For the pretraining method to work, this method also assumes that the prompts contains the motion trajectory keypoint, which is a very narrow assumption and might not always hold.
First, We would like to clarify the misunderstanding that our pretraining method does not depend on the motion trajectory key point. Our method only requires a sequence of state-action pairs of the robot trajectory, which is always satisfied in the multi-task imitation settings. Second, the key points are a natural consequence of our action space , as each observation is gathered at the start/end of each action. Moreover, we emphasize that this versatile action space has been widely adopted in various robotics system, including VIMA, Transporter Network[1], and CLIPort [2].
The end users would not be expected to provide the entire trajectories all the time. Therefore the pretraining on motion following is a bit overfitting to the tasks that VIMA designed.
We are considering multi-task imitation learning where demonstration trajectories for each training task are provided. We argue that multi-task imitation learning is a general setting adopted in various works [1, 2]. We can always conduct our pretraining for any robot trajectory with a sequence state-action of pair [3]. Therefore, our pretraining strategies are NOT overfitting to the VIMA designed.
It would be hard to model inverse dynamics in real world
We argue that it is possible to perform inverse dynamics in real-world scenarios [4, 5, 6]. Radosavovic et al. perform masked sensorimotor pretraining by training a model to predict the masked-out trajectory from the rest [4]. Note that Our Method w/ masked pretrain can be seen as a special case of it.

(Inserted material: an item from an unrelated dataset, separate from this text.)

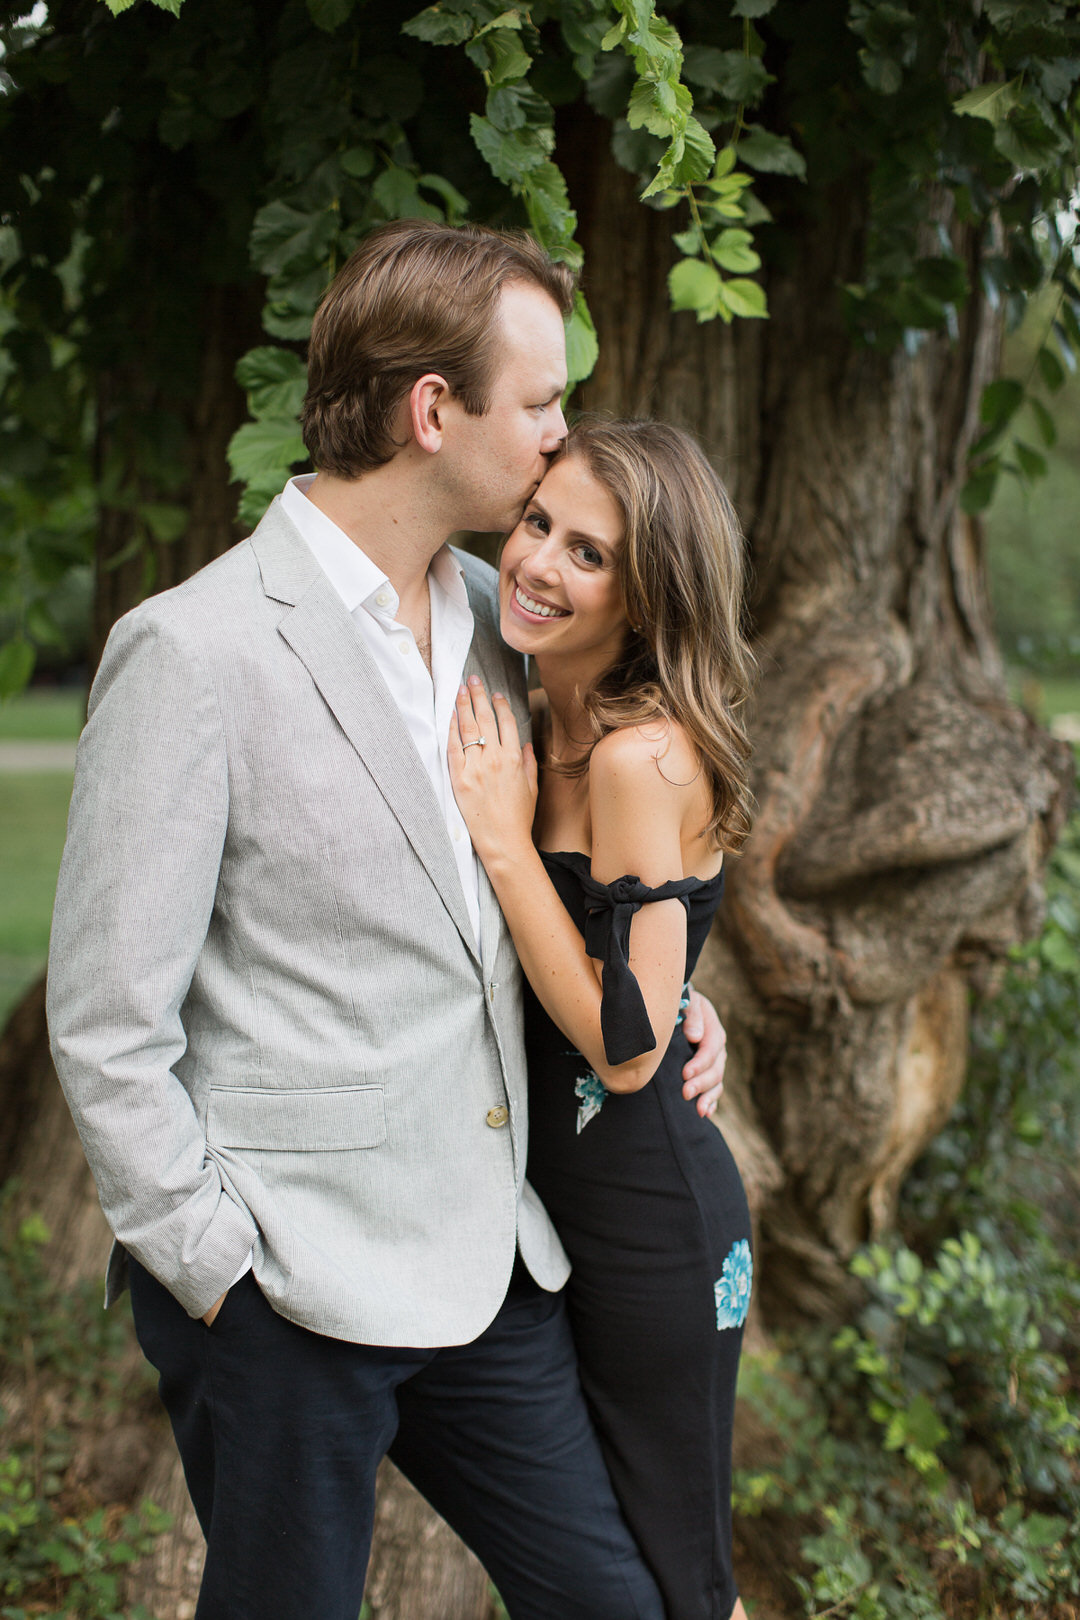 Melissa Kruse Photography - Meghan & Pete Engagement Photos-156.jpg

However, we find that casting the inverse dynamic prediction as a motion-following pretraining task (Sec. 3.1) benefits the most when tackling the multimodal prompt in our case.
there are not significant improvement over VIMA; for those tasks (T10) that has significant improvement, it seems to because the pretraining phase overfits to "Follow Motion" task.
Again, we emphasize that there are significant differences between our pretraining tasks and Task 10. Task 10's robot trajectory in the prompt differs from the execution time (Figure 2 in paper). In contrast, our pretraining tasks always use the same robot trajectory in the prompt as the execution trajectory. The difference leads to the results in Table 2, where Our Method w/ Pretrain Only (without multi-task finetuning) cannot perform well on T10.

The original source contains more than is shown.